— Ночью?
— Слушай, а как бы мы ещё её нашли? Смена у меня ночная. Дома́ мы не осматриваем. Вообще весь этот патруль…
— Откуда я знаю, что вы там делаете или не делаете? — Катя поджала губы. — И ты считаешь, она замёрзла?
— На самом деле — непонятно. Может, и замёрзла, хотя пальтишко-то у неё было, как у тебя, с особой подкладкой. А ещё — след от удара на голове.
— След от удара? Я не знала. Так её убили?
— Я же говорю, непонятно. Могла удариться, когда упала.
— Заключение разве не делали?
Подошла официантка и молча поставила перед ними коктейли — зелёную жижу в гранёном стакане для Петра и тошнотворно-синий «Бриз» для Кати.
— О! — обрадовалась Катя. — Наконец-то! — и тут же схватила бокал с коктейлем.
Пётр тоже отхлебнул и поморщился. Напиток был кислым и пощипывал язык.
— Так что? — спросила Катя. — Заключение не делали? Или вам всем там по фиг уже? Умерла и умерла?
— Не всё так просто. Но, скажем так, по заключению она замёрзла.
Катя покачала головой.
— Как ты кристалл взломал?
— Я не взламывал.
— Он уже был взломан, что ли?
— Нет. Я знал жест.
— Откуда?
Пётр почесал заросшую щетиной щеку.
— Мы с напарником нашли тело Лизы. На голове — след от удара. Чего там точно произошло — не знаю. Положим — упала, отрубилась и замёрзла. Даже пальтишко не спасло. Только вот дальше произошло что-то совсем странное.
— Что?
— Мы зарегистрировали факт полной смерти. После этого она поднялась, сделала несколько шагов и нарисовала такой вот символ…
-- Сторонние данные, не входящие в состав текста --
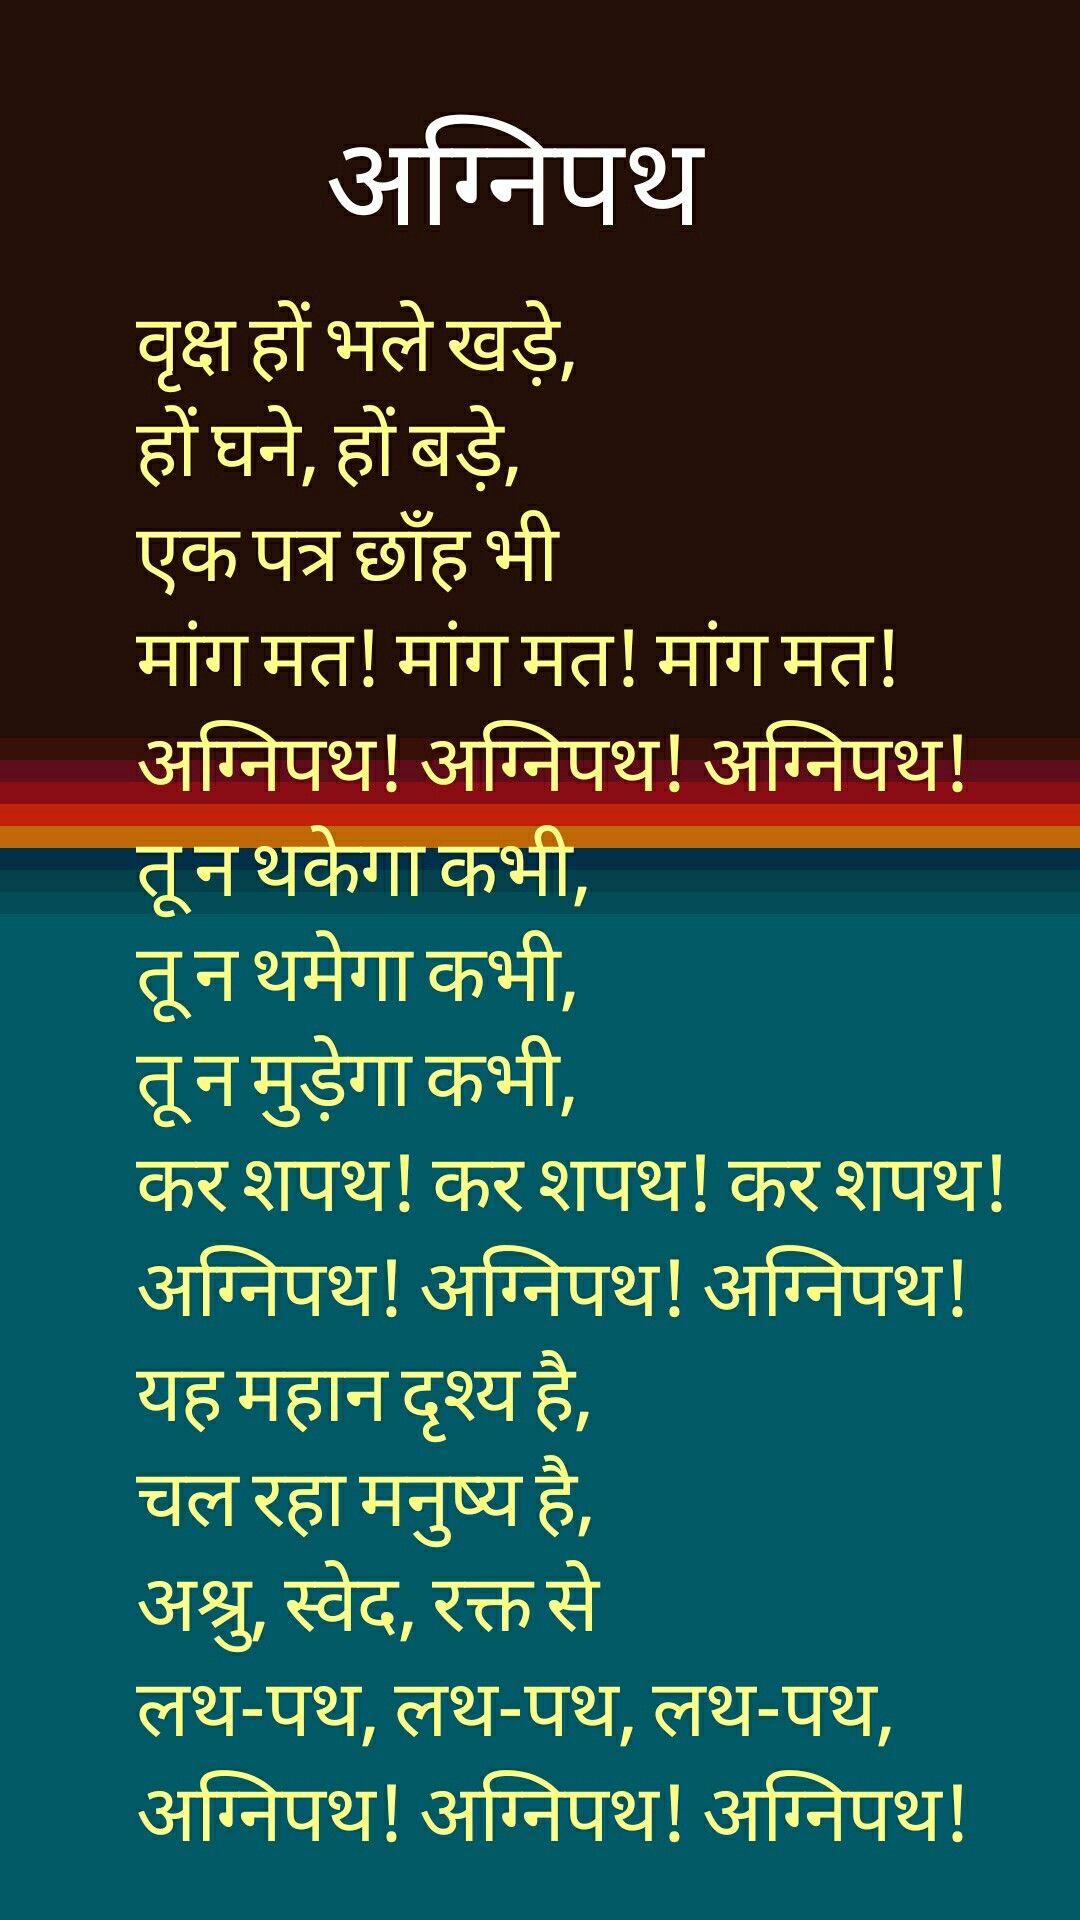 Agnipath Hindi Poem Kavita Harvivansharaybacchan Agnipath

Пётр изобразил в воздухе спираль. Катя несколько секунд молча смотрела на него, не двигаясь.
— Ты сумасшедший?
— Я бы и сам не поверил.
— Нет, правда! Ты совсем конченый! Она ходила после смерти, к кристаллу подключиться пыталась? А пото́м что? Снова умерла? Это какой-то бред!
Катя усиленно замотала головой.
— Она была мёртвой, — сказал Пётр, — мёртвой и осталась. Шунт её как-то поднял. Сам я такого никогда не видел. Да никто не видел, мне кажется.
— И что потом было? Ты украл у неё кристалл?
— Кристалл выпал. Я его подобрал.
Катя как-то поникла, ссутулилась, уставившись в пенящуюся жижу в своём стакане. Можно было подумать, она зависла из-за сбоев в чипе, как призрак. Вдруг глаза у неё лихорадочно забегали, точно у больных с нарушением зрения. Похожая на удары сердца музыка ускорилась и смешалась с надрывной перкуссией, от которой у Петра закололо в ушах.
— Я всё равно тебе не верю, — сказала Катя, зажмурившись.
— Чего?! — крикнул Пётр. — Я ни хрена не слышу! Музыка!
— Я тебе всё равно не верю! Это какой-то бред! Конвульсии. Бывают изредка конвульсии, когда… Но такого…
— Да ты вообще ничему не веришь! — отмахнулся Пётр. — Я только от тебя и слышу… Ты хоть понимаешь, сколько я всего нарушил сейчас, просто рассказав тебе об этом?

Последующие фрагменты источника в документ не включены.